# Saag paneer vs Palaak Paneer



## larry_stewart (Jun 27, 2018)

Im filing this one under the " you learn something new every day".

One of my favorite Indian dishes is Spinach with paneer cheese.
I get it almost every time I go to an Indian restaurant ( the Indian restaurant I often go to has a buffet style lunch, so it is almost always offered).

I usually go up to the buffet line, I dont really read the names of the dishes, I just visually look and grab a little bit of everything ( that is vegetarian, they organize the buffet so one side is vegetarian, the other is meat based).

i always grab a scoop of the ' green stuff, sometimes labeled as saag paneer other times as palaak paneer.  But, since they are never offered on the same day, I think nothing of it  and just accept what it is called that day.  Both sound right to me, and any time I see one, I almost forget that the other one exists until this past week.

I made a version at home, and i always go to this one Indian website for the video recipe ( because I make it infrequently enough, that I have to get a quick reminder of the ingredients).  

So this time, saag paneer was in my head ( forgetting about palaak paneer), so I typed that into the search area in the site, and the video came up.  When I started to watch the video, it seemed all wrong compared to what ive done in the past.  the technique and even some of the ingredients.  That's when the light bulb went on.  I then typed palaak paneer and the video i was familiar with came up.

I did a little research, and it turns out that 'Palaak' is the India word for Spinach, and ' Saag ' is a more general term for greens. Therefore, Palaak Paneer is technically a version of Saag Paneer, but not the other way around.  greens used can be any greens.  Some mentioned have been spinach, mustard greens, kale, fenugreek leaves (other sites listed broccoli and even brussel sprouts)

Anyway, this was news to me, so I just figured I'd pass it on.  I love when I learn new things !! And whats funny, is I've been calling it interchangeably for the last 30 years not realizing they both existed until i really thought about it.


----------



## powerplantop (Jun 27, 2018)

Correct, I know this but in my mind I do not separate them. I always think of them as the same thing even knowing that is wrong. They are my favorites but they do not look pretty.


----------



## larry_stewart (Jun 27, 2018)

powerplantop said:


> they do not look pretty.



No they dont.
Definitely one of those things that taste better than they look.


----------



## Steve Kroll (Jun 27, 2018)

powerplantop said:


> Correct, I know this but in my mind I do not separate them. I always think of them as the same thing even knowing that is wrong. They are my favorites but they do not look pretty.

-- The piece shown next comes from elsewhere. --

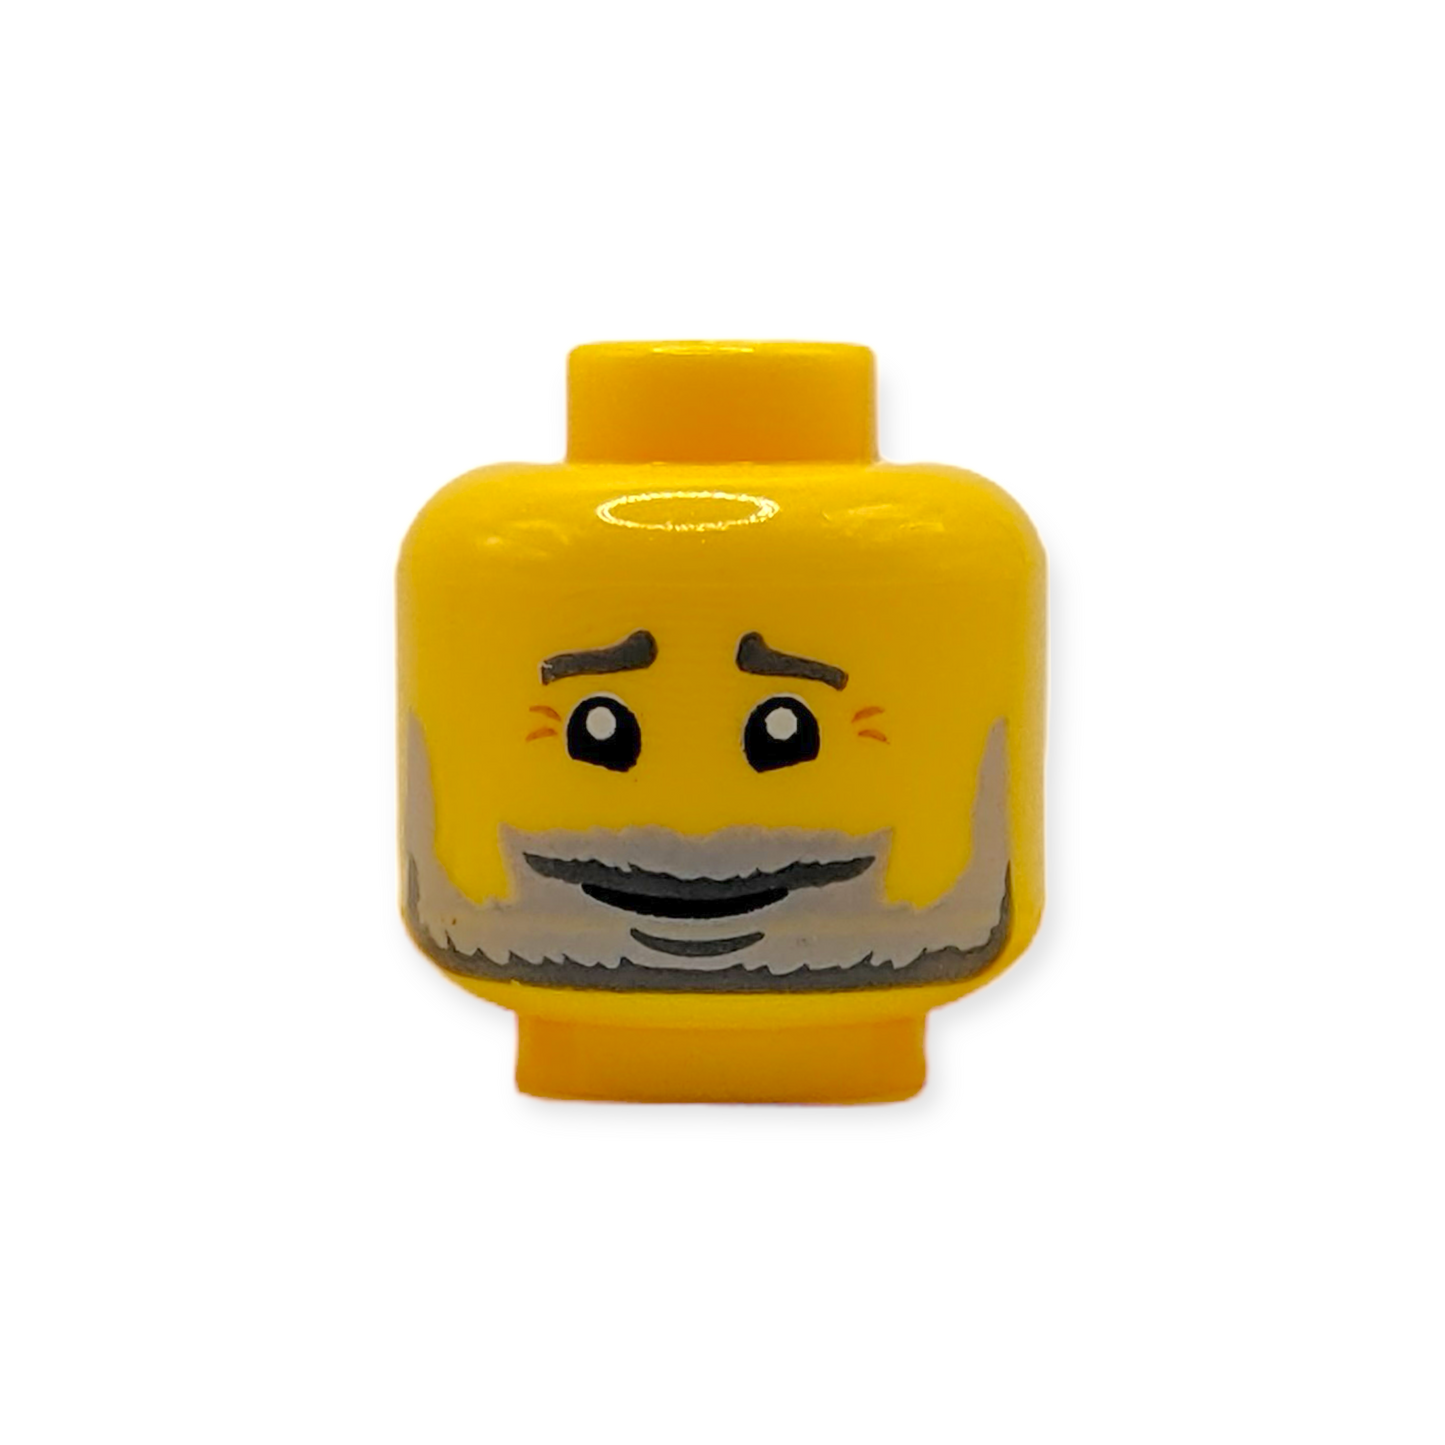 LEGO Head - 3816 Dark Bluish Gray Eyebrows

Same here. I knew the difference, too, but in my mind, leafy greens are leafy greens. I'm not in love with one type versus another, so I don't really pay much attention.

I don't know if I've mentioned this before, but where I work, I am the one pasty white European-looking guy on a team of 8 people. Everyone else comes from different parts of the Indian subcontinent, including India, Pakistan, and Nepal. So I am constantly being corrected and educated on the subtleties of the cuisines from that area.


----------



## di reston (Jun 27, 2018)

Next time you go, ask for 'saag aloo' - spinach type greens with potatoes. In the UK it's one of the most popular vegetarian Indian dishes.

di reston


Enough is never as good as a feast     Oscar Wilde


----------



## blissful (Jun 27, 2018)

Awesome info! This reminds me that it is still early enough in the gardening season to put in some spinach seed and my lettuce is getting a little over grown and could use some more lettuce seeds. My collards, first time ever, needs to be trimmed/harvested, and it's going to last well into the cooler fall weather when the time comes.


I haven't made paneer yet, after all this time making cheese. I aspire to make long aged melty type cheeses so paneer never really rung that bell. Why do you like paneer?


----------



## larry_stewart (Jun 27, 2018)

I like paneer for the opposite reasons that I like other cheeses.
Its not gooey or melty at all, it maintains is shape when cooked and has like slight rubbery/ chewy texture.  Also tastes very creamy so works nice in the indian dishes.

I thinks its more of a texture thing than the taste.


----------



## blissful (Jun 27, 2018)

Thanks Larry! I don't think I can sell my husband or son on a non-melty cheese that has one of the worst vegetables known to man, spinach or greens, aside it, to them. But I might like it!  I'm going to have to look around for recipes and I'm used to finding 'my own food' while at the same time, this past month, making them chicken, pork, beef, venison even though I'm not eating that lately.


----------



## Mad Cook (Jun 27, 2018)

blissful said:


> Awesome info! This reminds me that it is still early enough in the gardening season to put in some spinach seed and my lettuce is getting a little over grown and could use some more lettuce seeds. My collards, first time ever, needs to be trimmed/harvested, and it's going to last well into the cooler fall weather when the time comes.
> 
> 
> I haven't made paneer yet, after all this time making cheese. I aspire to make long aged melty type cheeses so paneer never really rung that bell. Why do you like paneer?


My Indian friend, brought up on a tea estate where her father was the company pilot, makes paneer (or a substitute thereof) by straining yoghourt through muslin overnight. She says their old family retainer - cook, housekeeper, nanny - you name it, he did it - used to make it like that.


----------



## Mad Cook (Jun 27, 2018)

di reston said:


> Next time you go, ask for 'saag aloo' - spinach type greens with potatoes. In the UK it's one of the most popular vegetarian Indian dishes.
> 
> di reston
> 
> ...


I second that!


----------



## CWS4322 (Jul 7, 2018)

larry_stewart said:


> I like paneer for the opposite reasons that I like other cheeses.
> Its not gooey or melty at all, it maintains is shape when cooked and has like slight rubbery/ chewy texture.  Also tastes very creamy so works nice in the indian dishes.
> 
> I thinks its more of a texture thing than the taste.


paneer is easy to make. I like it because you can saute it. I like to smoke it, too. I don't puree my greens. I love fresh fenugreek leaves (methi). I can't get methi here. I add chickpeas when I make Palek paneer.


----------



## Kitchen Barbarian (Sep 16, 2018)

Actually palak and saag are HINDI words.  There is no "India language".  There are over 70 different languages in India and more than 200 dialects.  Not all of them are based on Sanskrit, either.

I prefer the saag/palak paneer dishes that DO NOT puree the greens.  Look for a dish called "Methi Matar Malai" or "Methi Malai Paneer" - they use fenugreek leaves and the taste, texture, aroma etc are all different from the saag/palak paneer.  Very good.  But I've only been able to find it in a restaurant in non-pureed form just once.  So I just make it at home.


----------



## Rascal (Sep 16, 2018)

My wife's fave curry is a paneer. I must ask which one it is. I'm surprised she has never asked me to replicate it.

Russ


----------